Academic background
- Alma mater: Durham University Oxford University

Academic work
- Institutions: Durham University

= C. T. R. Hayward =

Charles Thomas Robert Hayward (born 1948) is a British academic and convicted sex offender. He had been Professor of Hebrew in the Department of Theology and Religion at Durham University.

==Academic career==
After receiving a BA (Theology, University of Durham, 1971), MA (Theology, University of Durham, 1973) and DPhil (University of Oxford, 1975) he lectured at Lancaster University (1977–1979). He returned to Durham being appointed Lecturer in Theology (1979), Senior Lecturer (1989) and Reader (1994).

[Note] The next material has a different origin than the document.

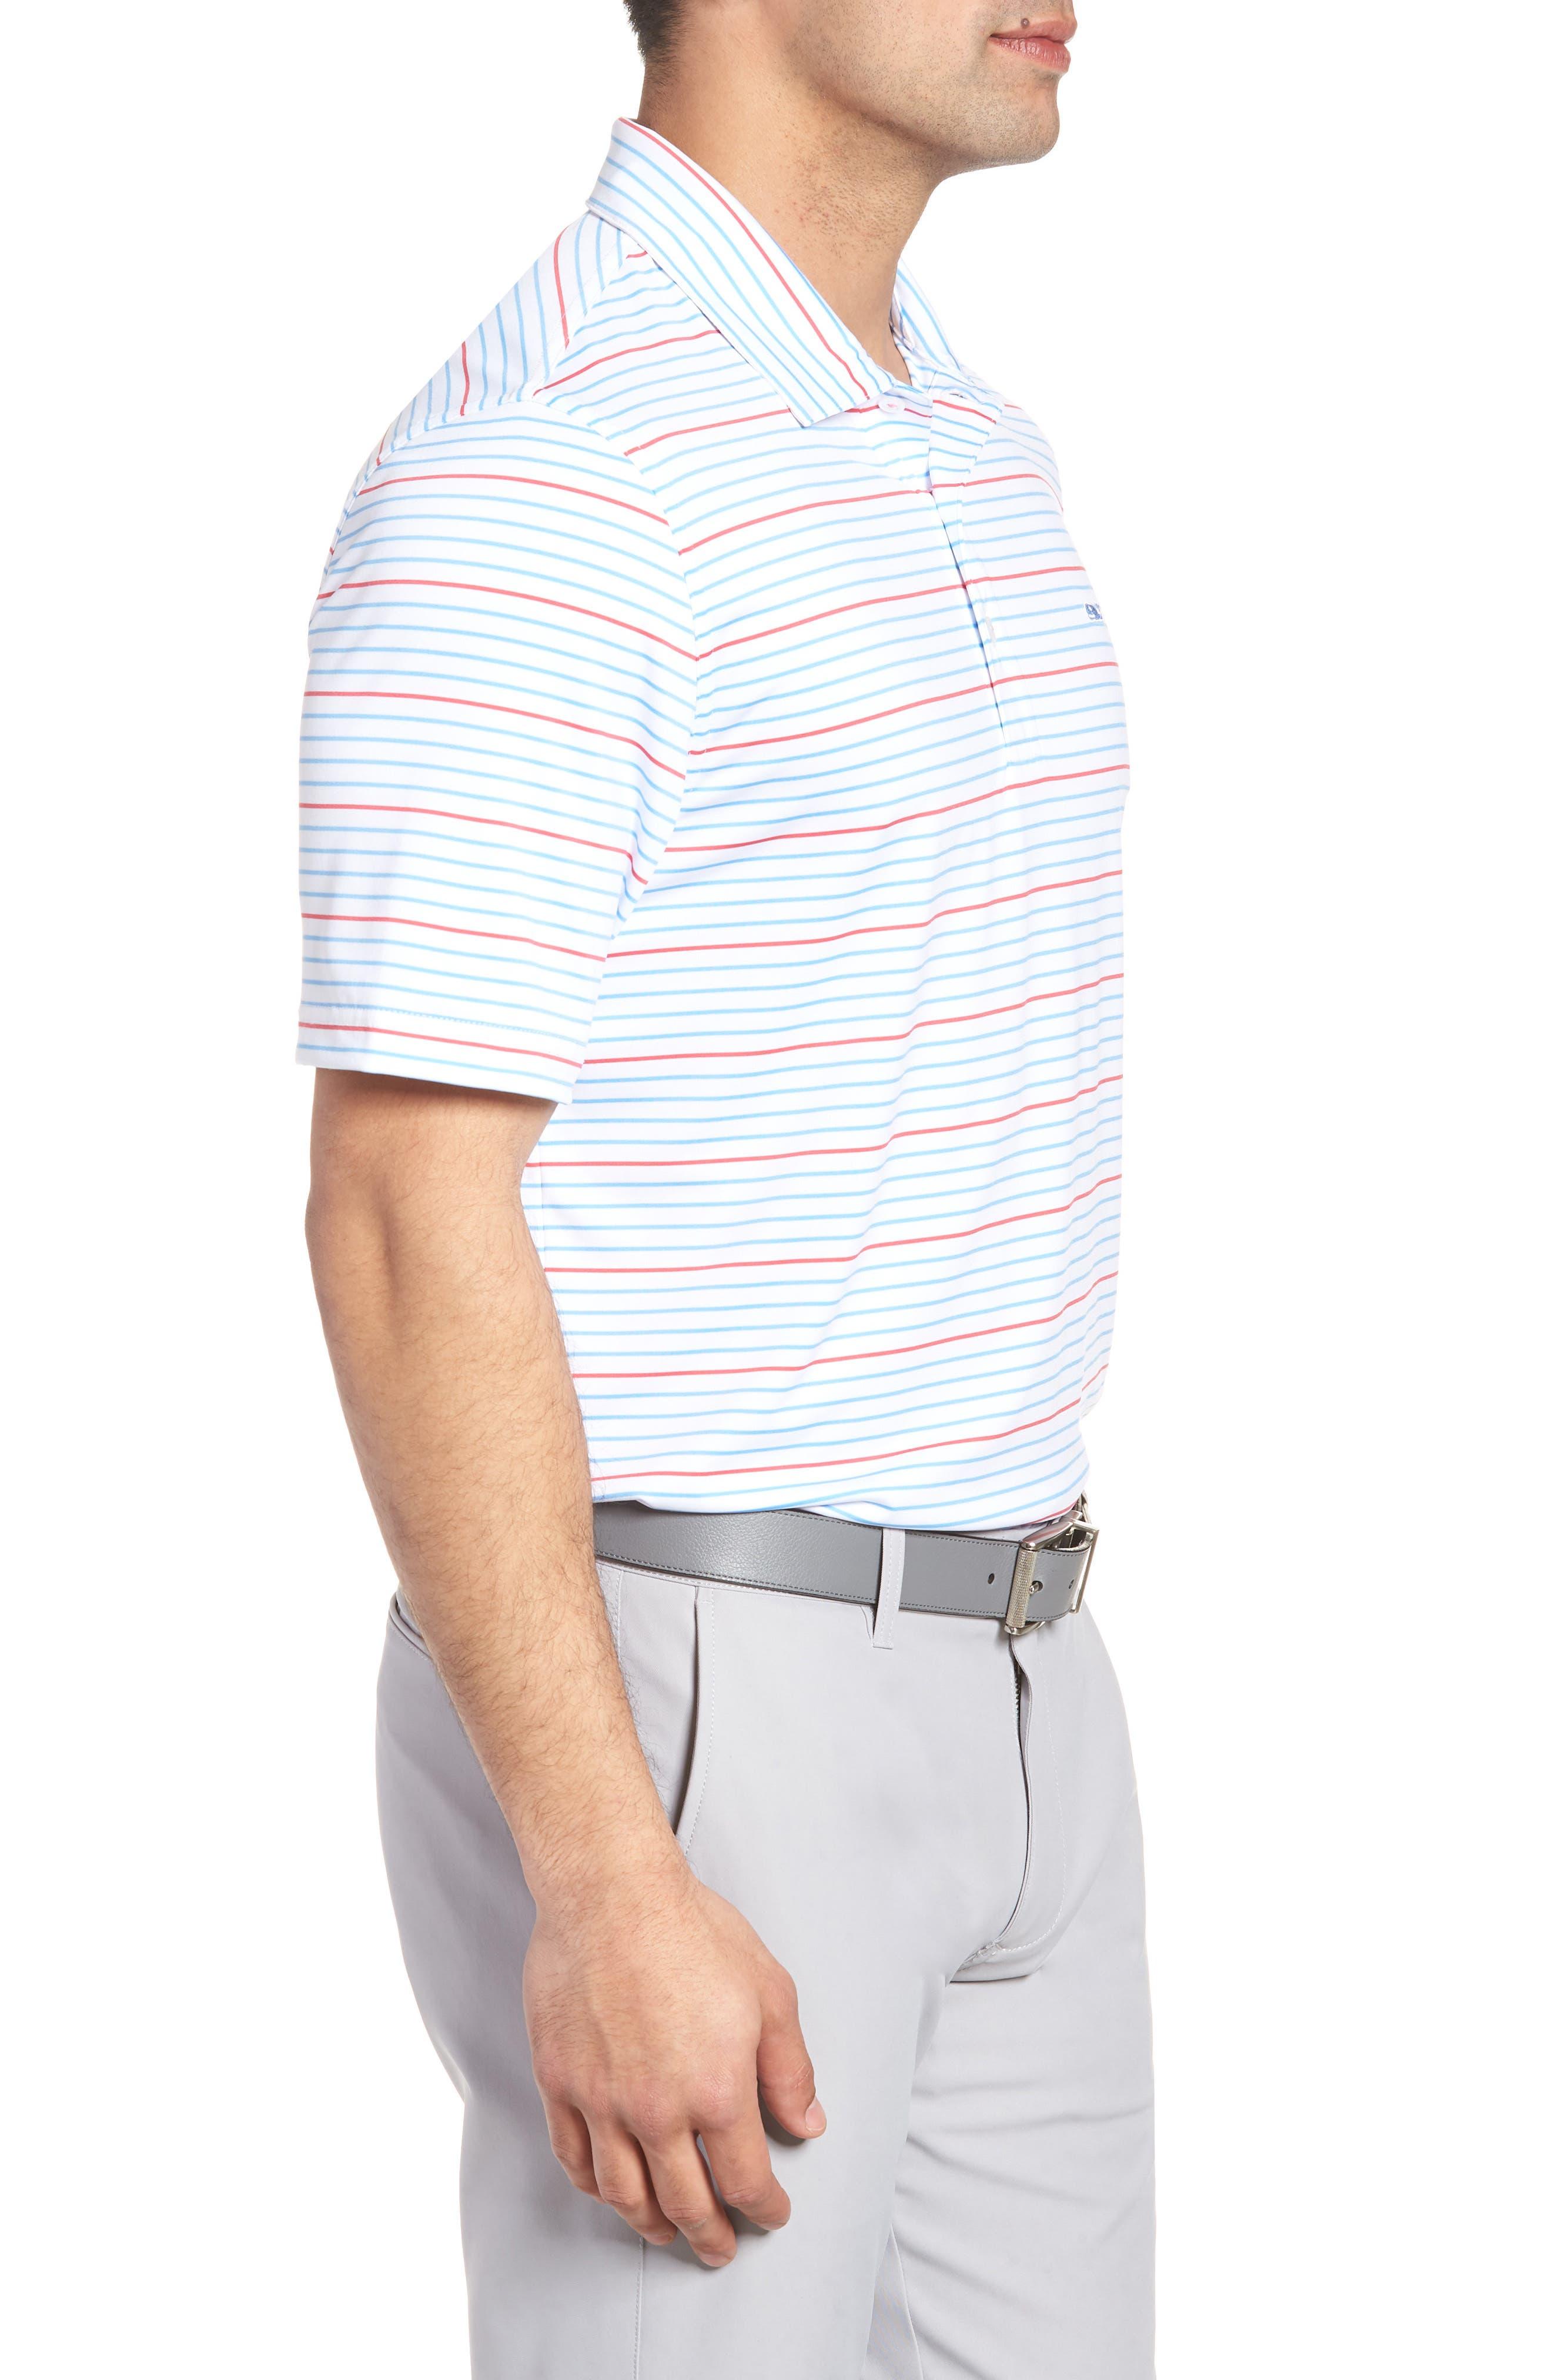 Swindell Stretch Stripe Polo,                             Alternate thumbnail 3, color,                             White Cap

In 2006, Hayward was elected President of the Society for Old Testament Studies. He was President in 2003 of the British Association for Jewish Studies.

===Books===
- Divine name and presence: The Memra (Totowa, N.J.:Allenheld Osmun, 1981)
- The Targum of Jeremiah. Translated, with a Critical Introduction, Apparatus and Notes (The Aramaic Bible, 12: Wilmington, Del.: Michael Glazier, 1987)
- Jerome's Hebrew Questions on Genesis: Translated with an Introduction and Commentary (Oxford, Oxford University Press, 1995)
- The Jewish Temple: A Non-Biblical Sourcebook (London: Routledge, 1996)
- Pauline Allen and C.T.R. Hayward, Severus of Antioch (London:Routledge, 2004)
- Interpretations of the Name Israel in Ancient Judaism and Some Early Christian Writings (Oxford: Oxford University Press, 2005)
- Targums and the Transmission of Scripture into Judaism and Christianity (Leiden: Brill, 2010)

==2016 conviction==
In 2016 he was convicted of child pornography charges at Durham Crown Court, sentenced to a two-year community supervision order and was made subject to a sexual harm prevention order and registered as a sex offender, both for five years.